Die einzelnen Songs unterschieden sich live mal mehr und mal weniger von den Albumversionen. "Eugene" etwa spielte Sufjan allein auf der Akutiskgitarre, wodurch sein wunderbar intimer Charakter erhalten blieb. "All of Me Wants All of You" hingegen erhielt eine Adz-mäßigen Elektrobeat, sodass ich es erst erkannte, als der Gesang einsetzte. Im Verlauf spielte er auch einige ältere Songs wie "The Owl and the Tanager", sein vielleicht düsterstes Lied überhaupt, sowie "Vesuvius" und "I Want to Be Well", die den Gigantismus von The Age of Adz aufleben ließen. A propos Gigantismus: Zum Ende spielte die Band "Blue Bucket of Gold", das mit einem etwa 15-minütigen, instrumentalen Outro endete - erschöpfend aber erhebend zugleich.

Nachdem sich das Publikum minutenlang die Hände wund geklatscht hatte, kam die Band schließlich für eine Zugabe zurück. Na gut, zuerst war es nur Sufjan, der wie schon beim letzten Mal "Concerning the UFO Sighting near Highland, Illinois" spielte. Mit der Band gab es "The Dress Looks Nice On You" und "To Be Alone With You" von Seven Swans sowie "John Wayne Gacy Jr." von Illinois, wobei Stevens - der während des eigentlichen Sets kein Wort gesagt hatte - bemerkte, dass es schon komisch sei, nach den ganzen anderen Lieder jetzt ausgerechnet seine "Mörderballade" zu spielen: "It's messed up, but such is life." Den Abschluss bildete, fast schon obligatorisch, "Chicago", diesmal allerdings in der langsamen, sanften Akustikversion.

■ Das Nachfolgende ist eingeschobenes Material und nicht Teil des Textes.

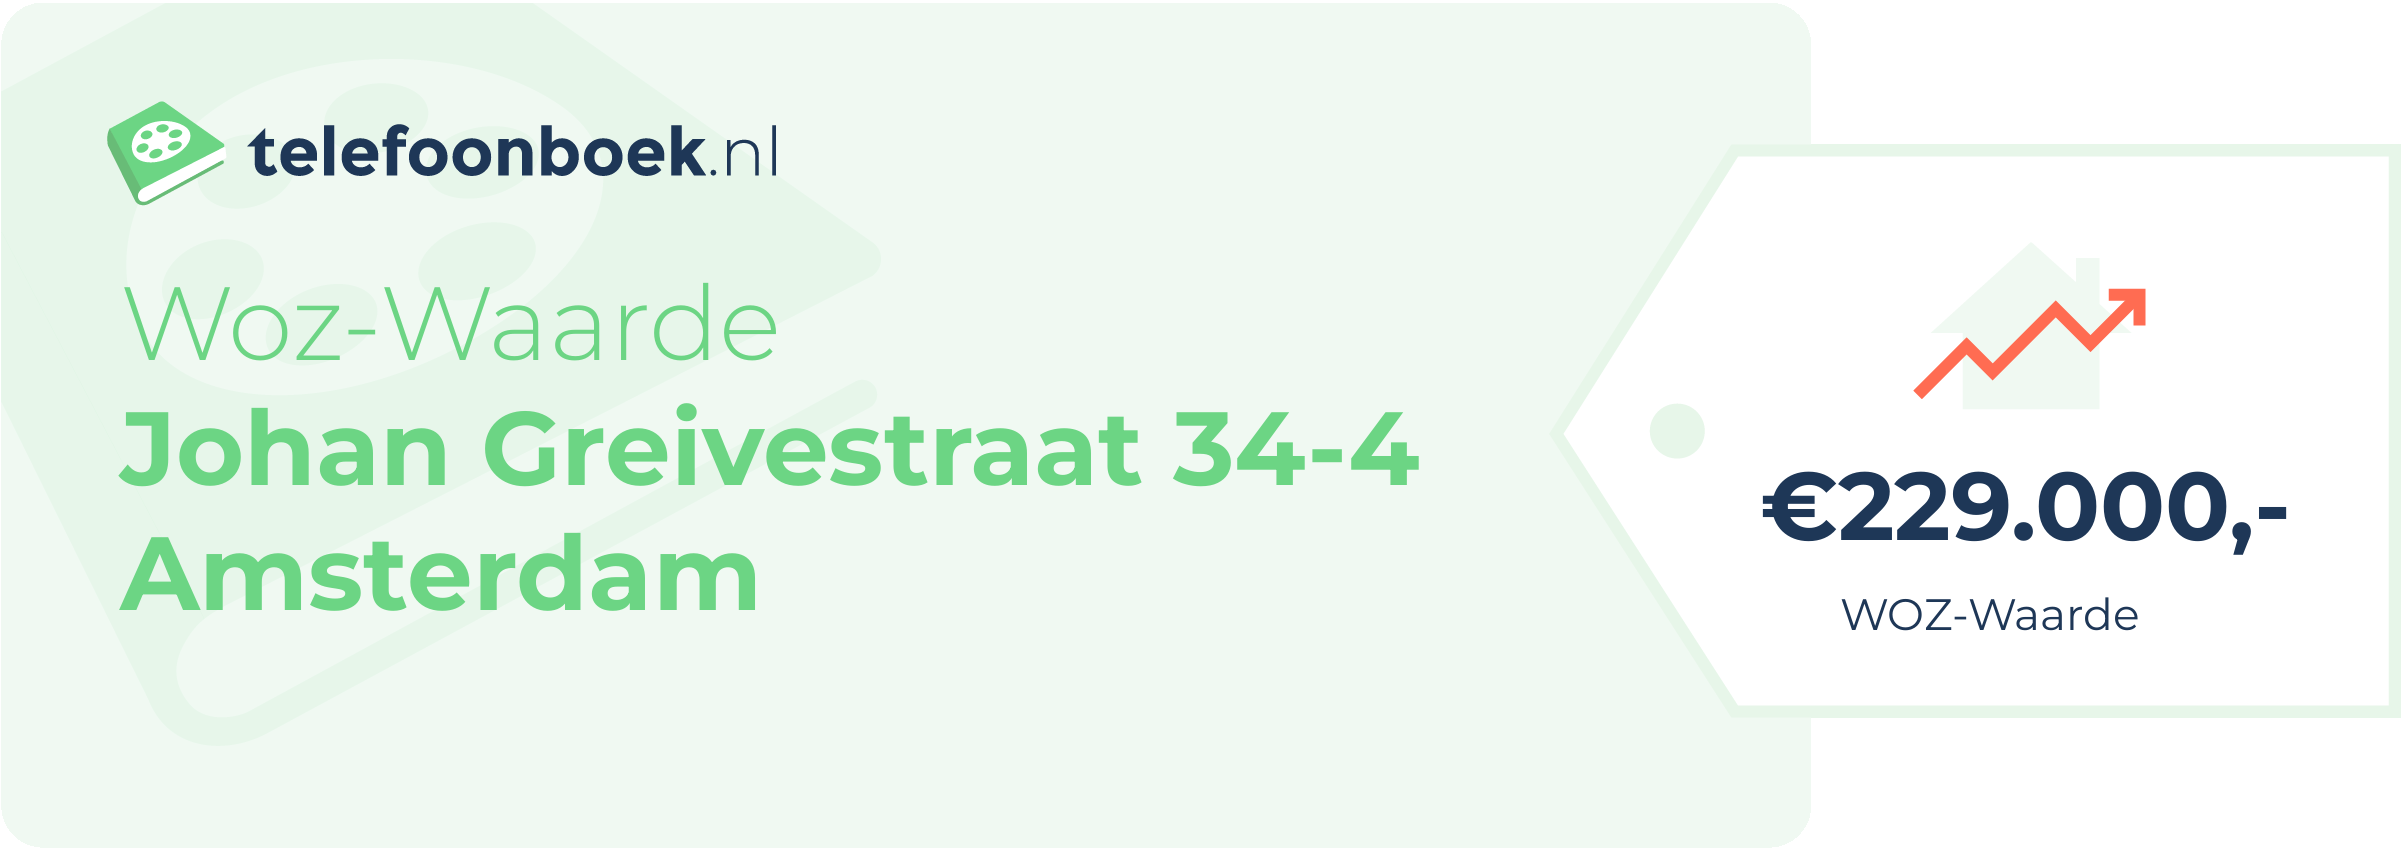 WOZ-waarde Johan Greivestraat 34-4 Amsterdam
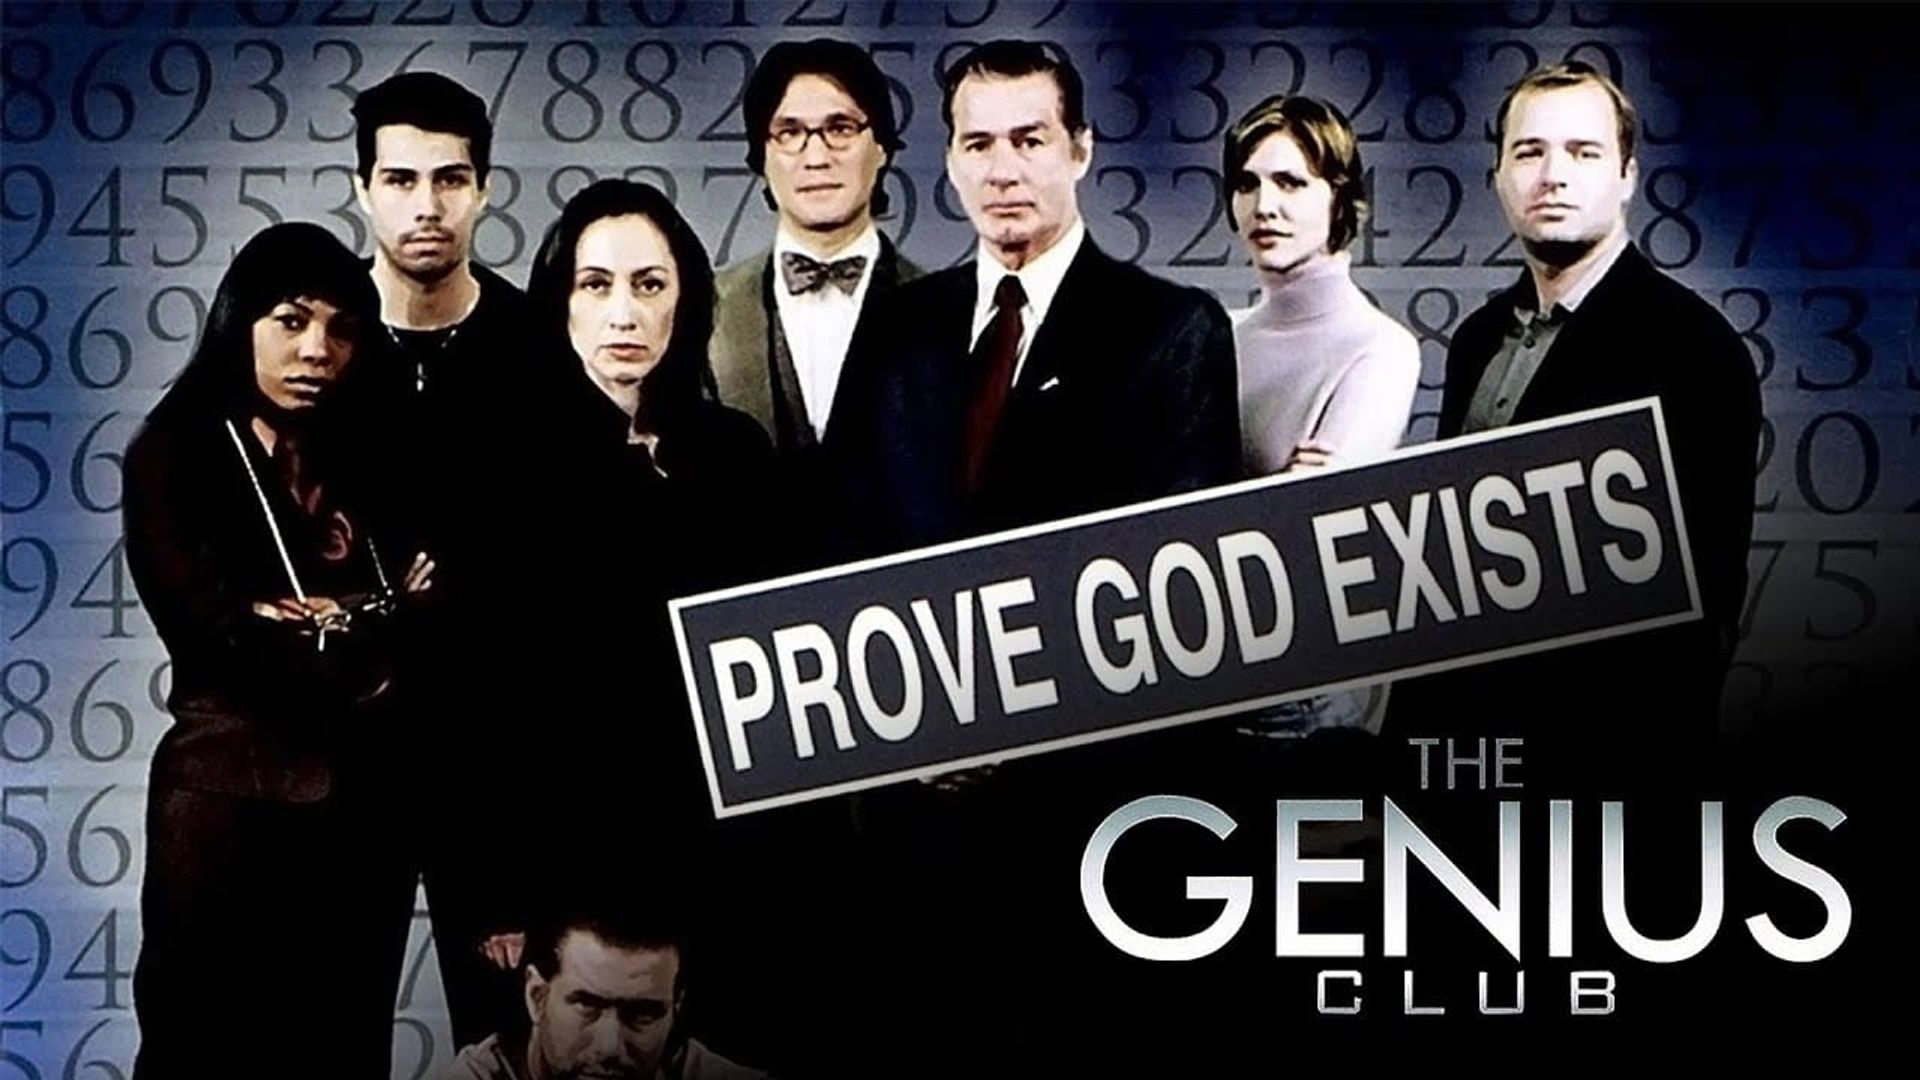 The Genius Club background

Ich hatte ja ein bisschen auf "I Walked" oder "Casimir Pulaski Day" gehofft, weil sie auch thematisch gut gepasst hätten, aber man kann nicht alles haben.

Machen wir uns nichts vor: Konzerte von Sufjan Stevens sind keine leichte Kost. Aber auch, wenn man sich von den Arrangements oft überwältigt fühlt, zeigt das doch, was für eine Ausnahmekünstler Stevens ist. Die fein ausgearbeiteten Soundcollagen (er bezeichnete die Musiker deswegen auch als "the hardest working band in showbusiness") in Verbindung mit der Licht- und Videoshow sind ein in jeder Hinsicht stimulierendes Erlebnis. Ein Konzert, das den Tod als zentrales Thema hat, und doch voller Leben ist. Ein Triumph.